One day after the crash, Burkel walked without assistance to the aircraft that flew her from Bagram Airfield to Landstuhl Regional Medical Center in Germany where she underwent surgery to install a spine-stabilizing halo, remove a damaged disc and install a synthetic bone plug. She spent the next few months of her recovery in Germany and wore the halo for three months followed by a soft collar. She was in her flight suit and back at work by mid-February 2016.
“My approach to recovery and moving on was to honor, celebrate and respect the efforts of Greg and everyone else, as well to honor and celebrate my two folks and the others who were lost,” she said.
Now the Air Mobility Command fuel efficiency division chief, Burkel has met a handful of the people who pulled her to safety and tended to her that day. She hopes to one day meet Gangnuss, too.
“There was a good three to four inches of jet fuel. The whole thing could have blown up,” Burkel said. “How powerful is to meet the people who saved your life? How powerful is it for them to meet you?”
Gangnuss returned to his Air Force Civil Engineer Center Base Realignment and Closure program management work at Joint Base San Antonio in May 2016. AFCEC is a subordinate unit of the Air Force Installation and Mission Support Center.

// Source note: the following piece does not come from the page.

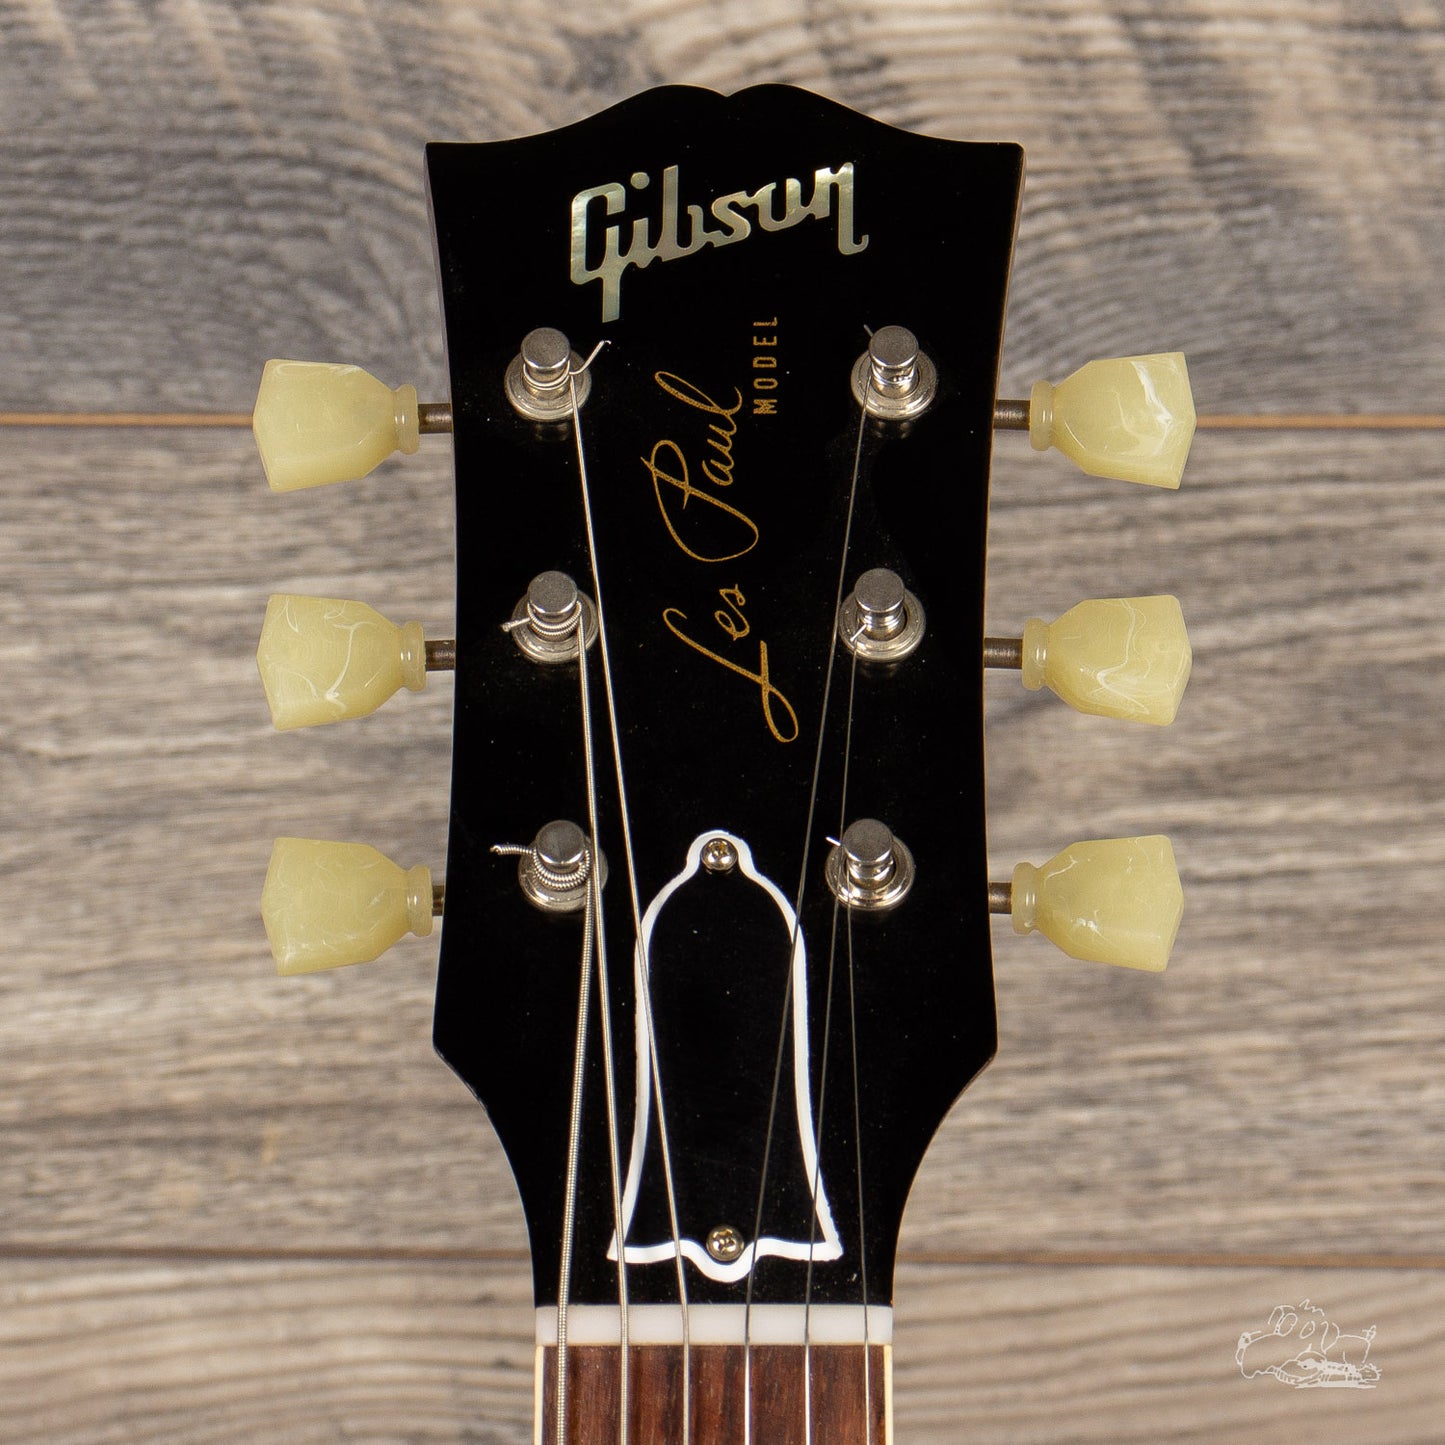 2014 Gibson Custom Shop R7 VOS Les Paul - Gold Top, 8 lbs.4 oz.

On Feb. 22, the Air Force recognized his heroism when Gen. Ellen M. Pawlikowski, commander of Air Force Materiel Command, AFIMSC’s parent command, presented him with the Air Force Civilian Award for Valor. The award is reserved for heroism and courage exhibited by individuals who voluntarily risk personal safety beyond the call of duty.
“This is an amazing story about one of our Airmen,” Pawlikowski said to the audience during a Joint Base San Antonio commander’s call attended by about 500 AFMC members assigned here.
“We deploy civilian Airmen and all civilian Airmen who deploy do it voluntarily. But we don't ask you to go into (crashed) helicopters and pull people out while you're there, but you do it anyway, don’t you, because we're all Airmen,” the general said to Gangnuss before the medal-pinning ceremony at the end of the call.
Those who served alongside Gangnuss in Afghanistan are pleased to see him recognized for his bravery.
“Greg is one of those American heroes I always wanted by my side when we performed our mission,” said Army Col. Thomas Tickner, former director of Combined Security Transition Command–Afghanistan Combined Joint Engineering. “It’s no surprise Greg was one of the first responders to the crash and stayed throughout the rescue effort even though he was at risk himself.”
“I am extremely proud to have served with Greg,” said Col. Adrian Crowley, Ministry of Defense branch chief at CSTC-A. “It wasn't until after I knew him a month that I heard rumors about his heroics. Greg was very passionate about his job and helping his fellow coalition team members.”
Gangnuss attributes his actions that day to compassion.
“I didn’t know if anyone could be saved, but I knew fellow human beings were in need of assistance and comfort,” he said.